Assigned task: An acceptable answer repeats exactly the line containing "Simple Minds - Studio" and all lines that follow it in the listing below, and it includes no pictures.

Dataset extract:
Start of Block
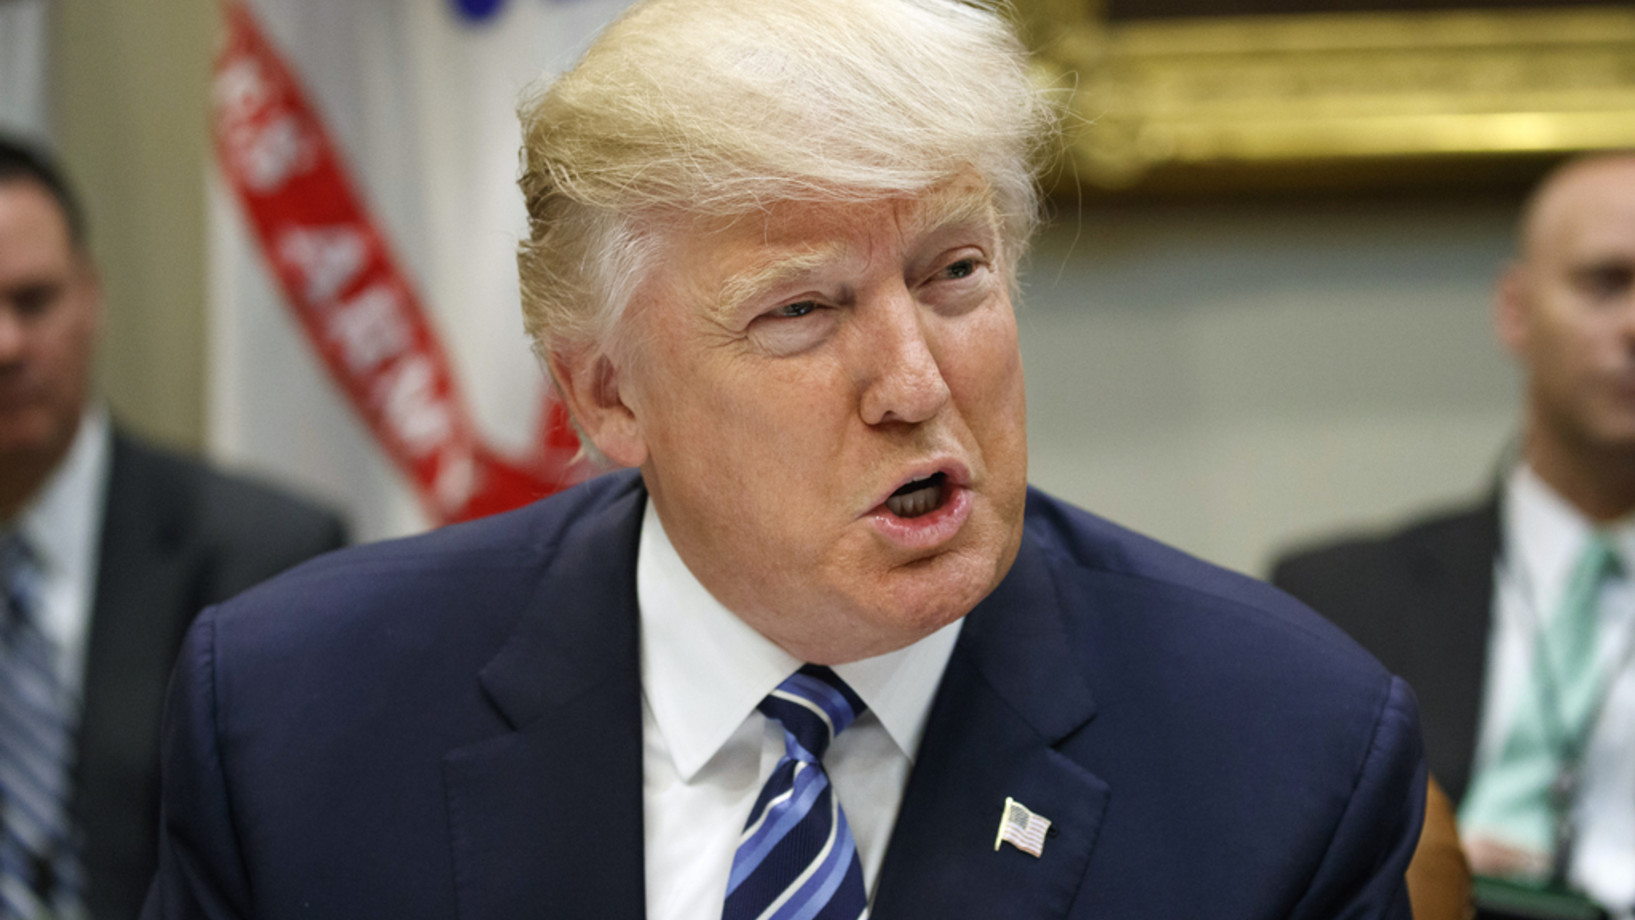 Trump am 9. Februar 2017 im Weissen Haus (Foto: Keystone/AP/Evan Vucci)
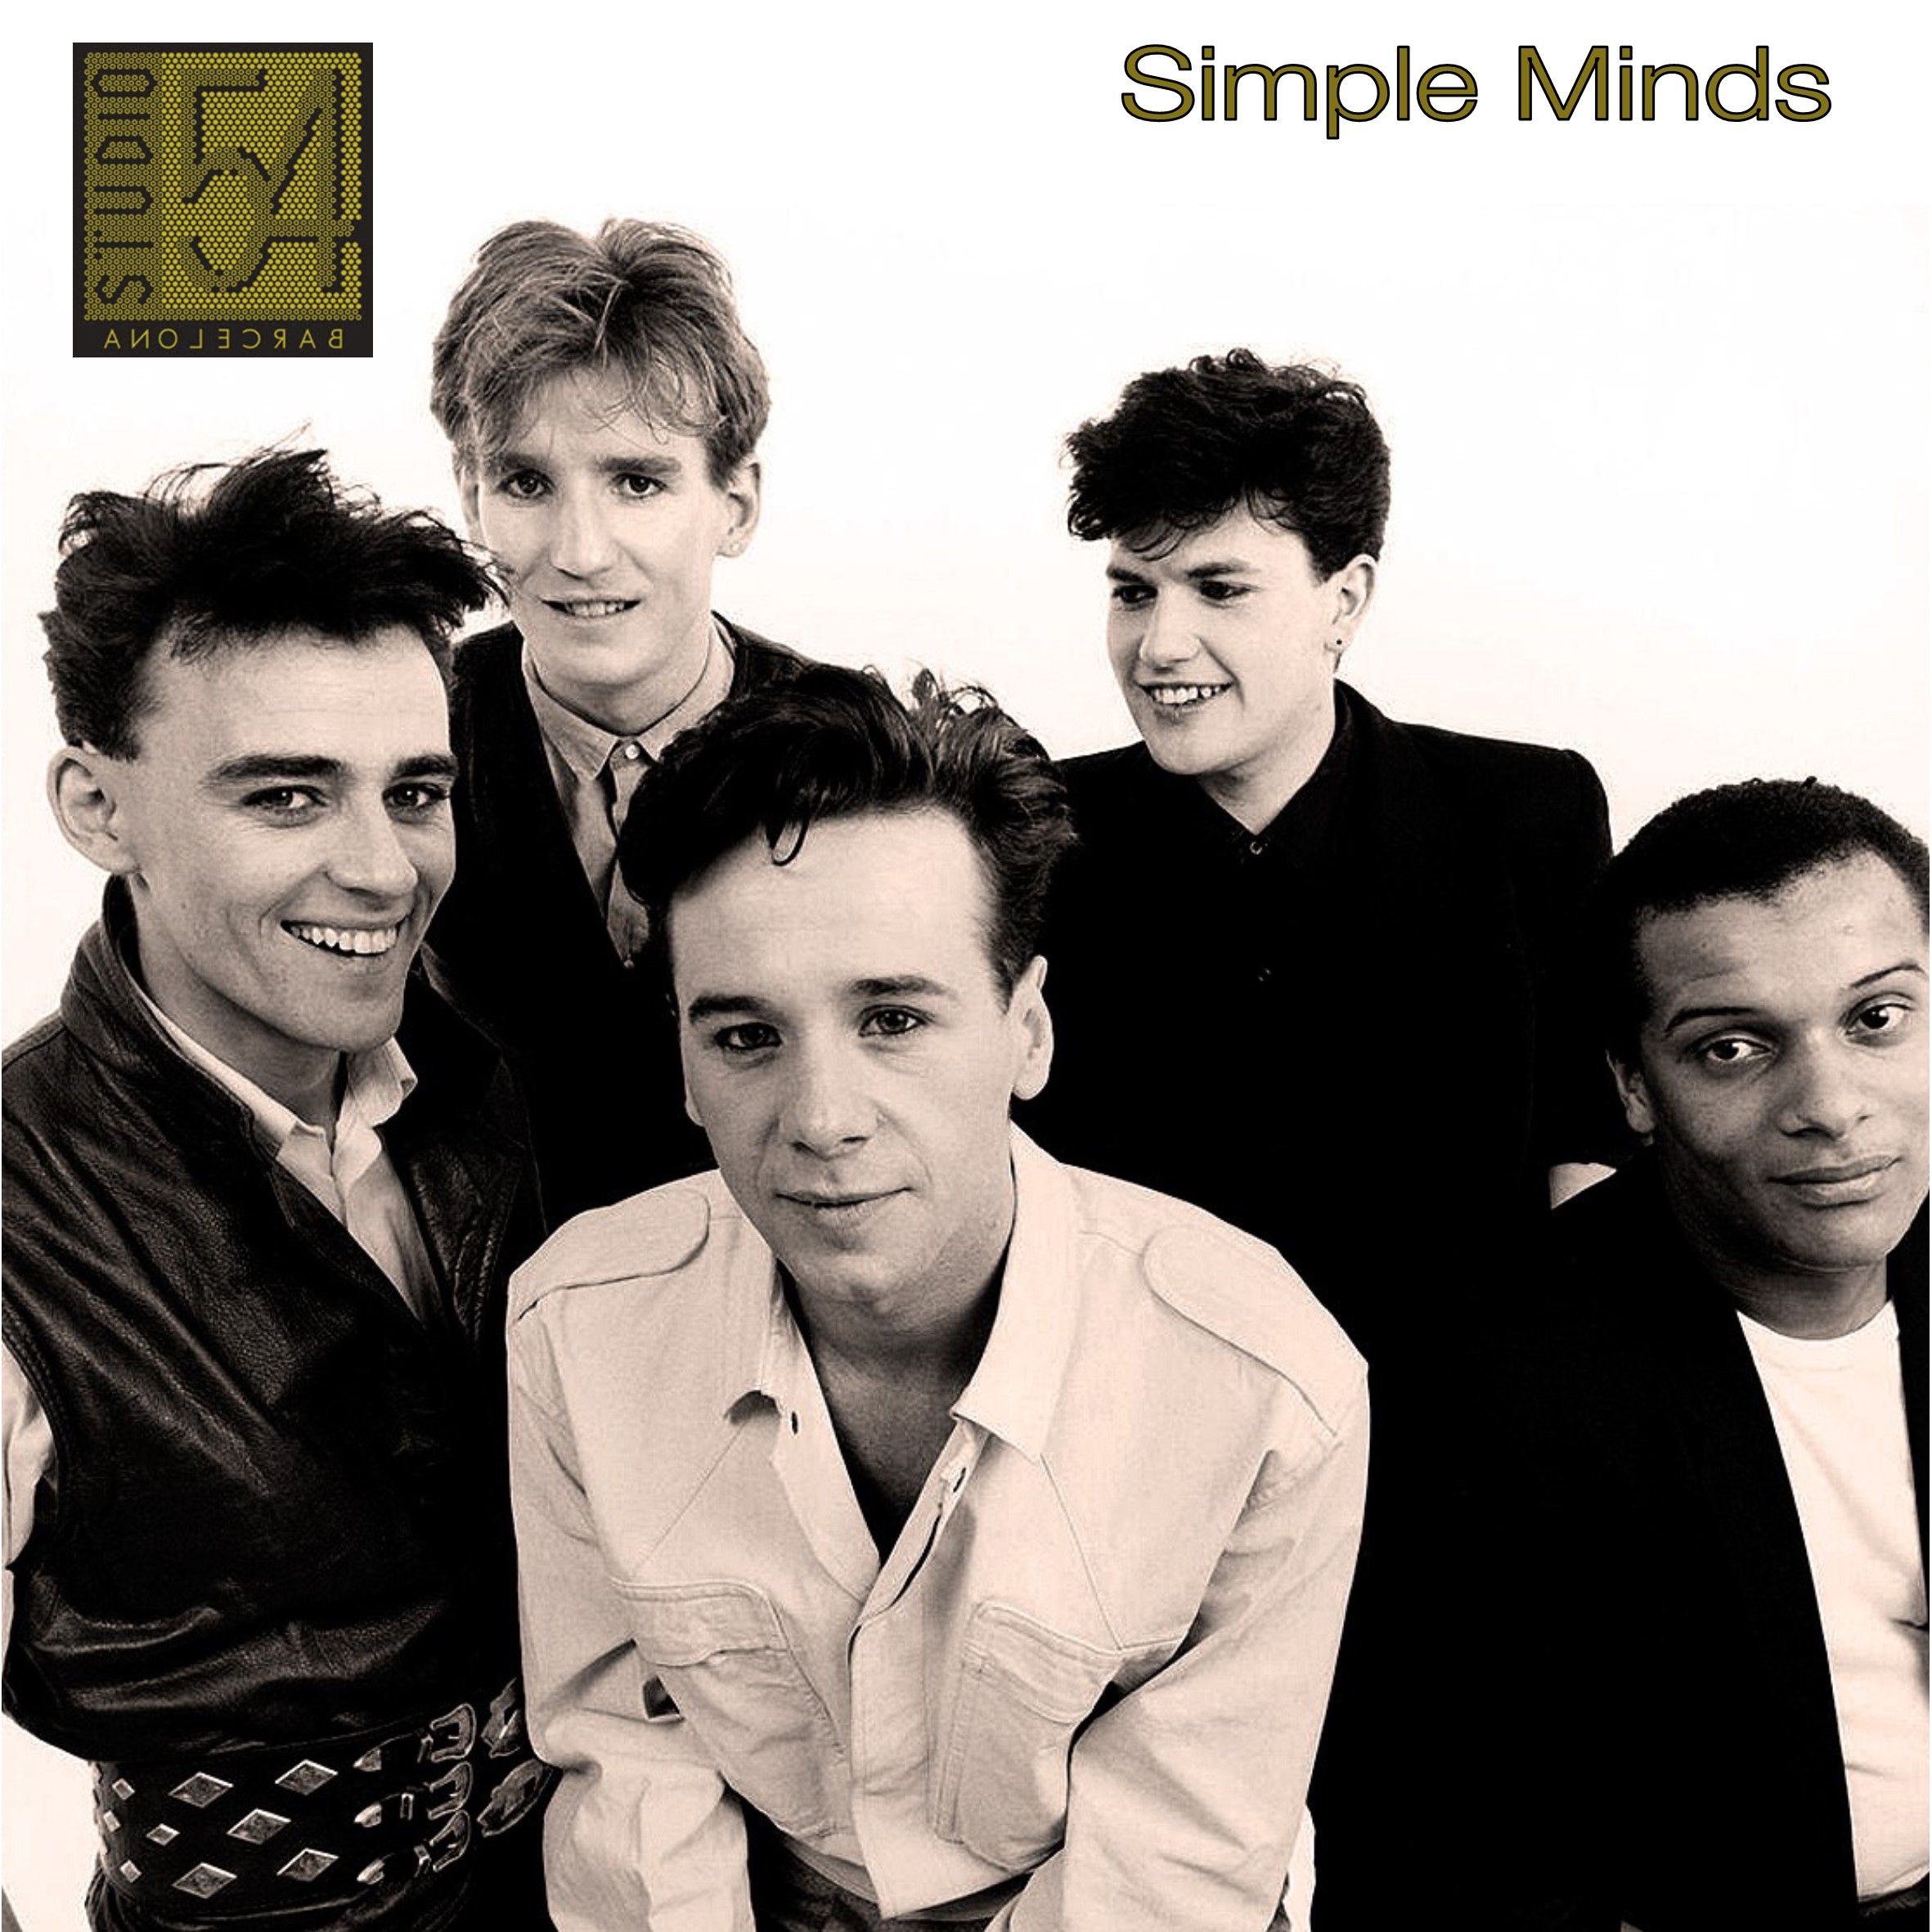 Simple Minds - Studio 54 Barcelona - Topdisco Radio
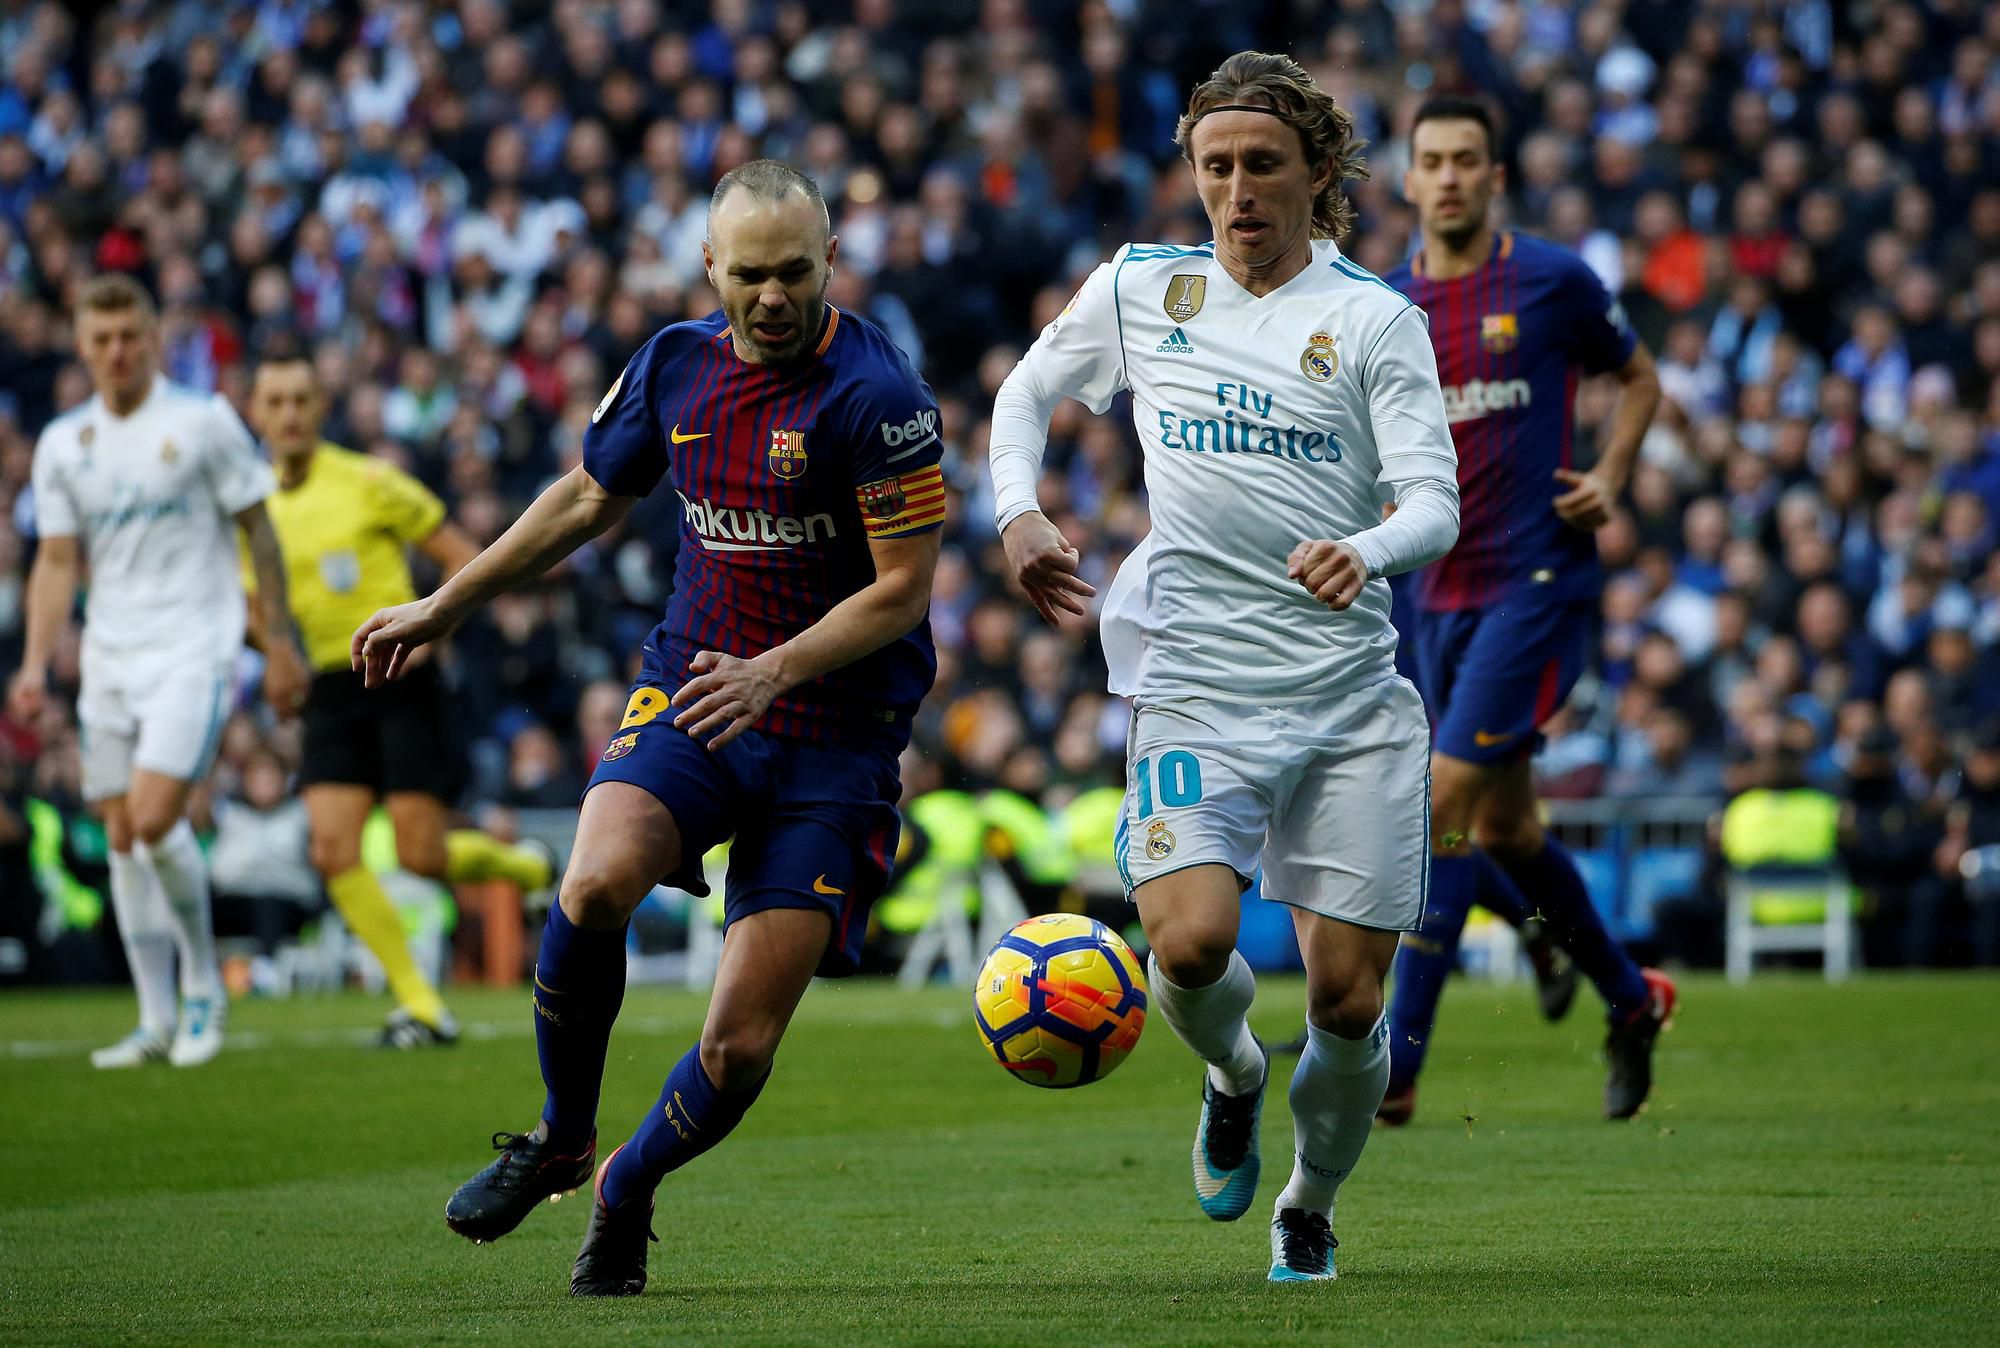 Andres Iniesta (FC Barcelona) a Luka Modrič (Real Madrid).
End of Block
Expected answer:
 Simple Minds - Studio 54 Barcelona - Topdisco Radio
 Andres Iniesta (FC Barcelona) a Luka Modrič (Real Madrid).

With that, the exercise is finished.